Lately, the administrator who reviews our proposals has uncharacteristically begun to question their veracity. "Is this true?" he will occasionally scribble next to phrases about our best and brightest. No. Of course not. Few scholarships go to our best and brightest. A lot of them go to unmotivated students with 2.2 grade-point averages, but who wants to give that pool of students a $100,000 grant?

The truth? We can't handle the truth. But here goes: We have little compelling to sell, and if we really want to find new corporate and foundation donors, we have to slowly build relationships and clean up our act. But it's hard to do either of those, given the combination of blind faith and fund-raising desperation that afflicts Private U.'s upper administration.

I have no doubt that our administrators mean well. They truly see Private U. as a distinctive, top-notch place, yet very few have worked at other universities and have little to compare it with. Many received their degrees from Private U.

Those true believers suspect that we grant writers are just lazy when we balk at sending unsolicited proposals to foundations set up by wealthy celebrities. After all, everybody knows such donors are just looking to give away wads of cash. Why wouldn't they want to give some to us? Who cares if they have no connection to our state, let alone our university?
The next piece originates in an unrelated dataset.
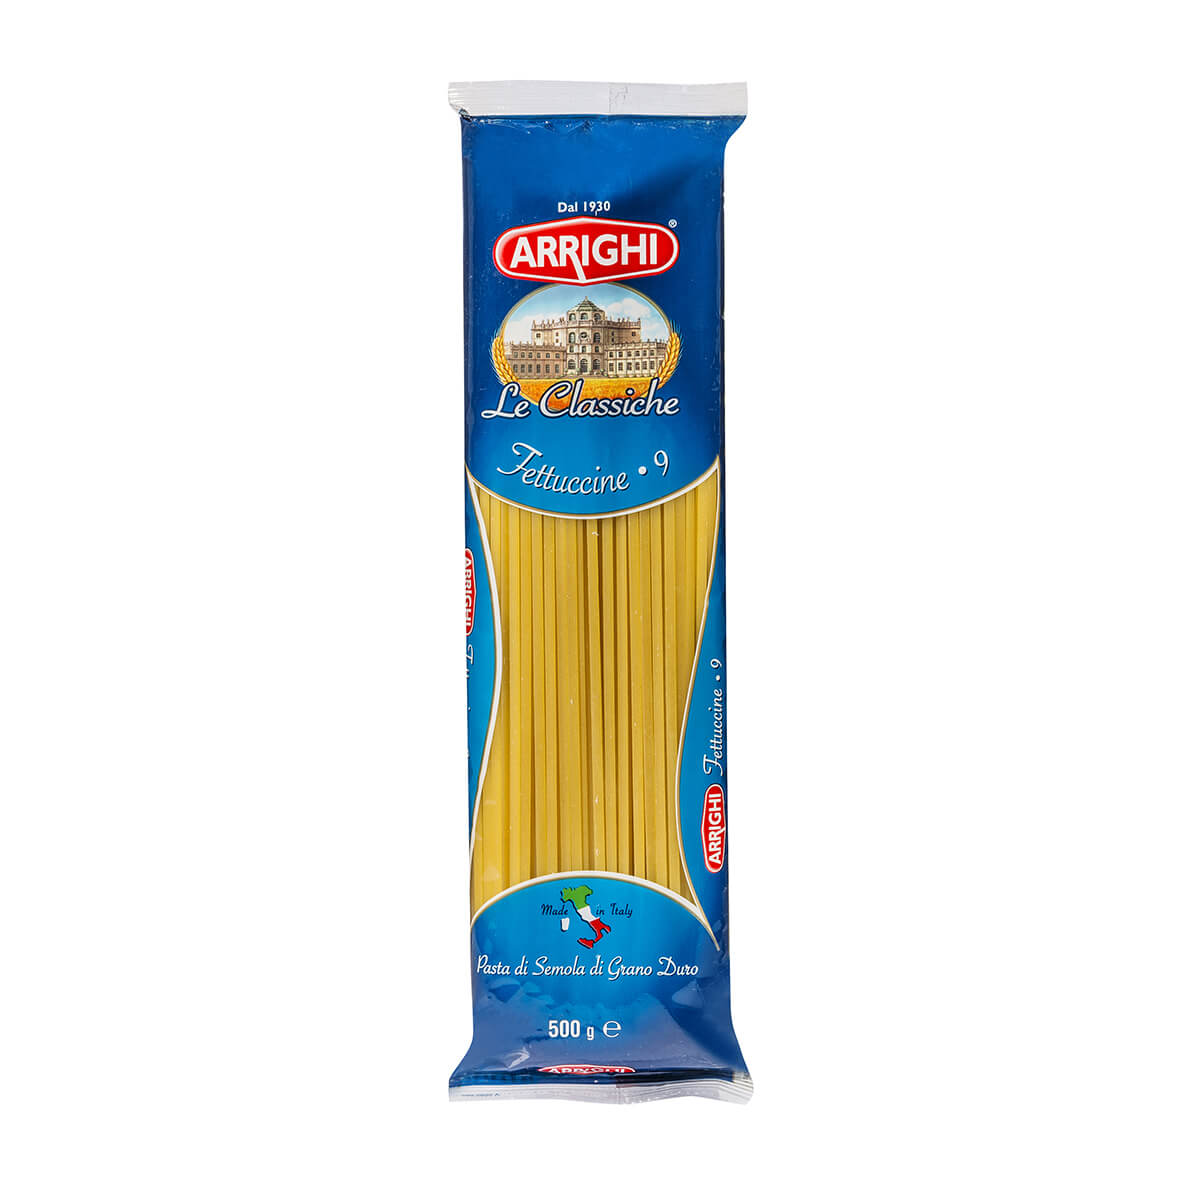 Golden Grains Arrighi - Fettuccine - Front (1).jpg

Such desperate maneuvers, largely unaccompanied by basic development tactics -- such as meeting with influential people, having a plan, and keeping to a consistent message -- are akin to shots in the dark. They also take time away from developing proposals we actually may have a shot at getting money for, and make me question my complicity in this fund-raising folly.

Lately, I have concentrated on faculty- and student-driven projects that have a real chance at success. However, the pressure to write unrealistic proposals continues, and I feel that I'm merely biding my time until I can find another job without seeming like a serial job switcher.

I can see myself staying in grant writing and possibly working at another college. I am passionate about making higher education more affordable and more rewarding for all students, even the average ones, and I realize that every institution will have its blemishes.

But I can only deal with those blemishes if I can have something inspiring to grab on to -- well-designed programs, proactive colleagues, a supportive administration, or even just solid financial record keeping. Is that too much to ask?

Maria Myers is the pseudonym of a grant writer at a liberal-arts university.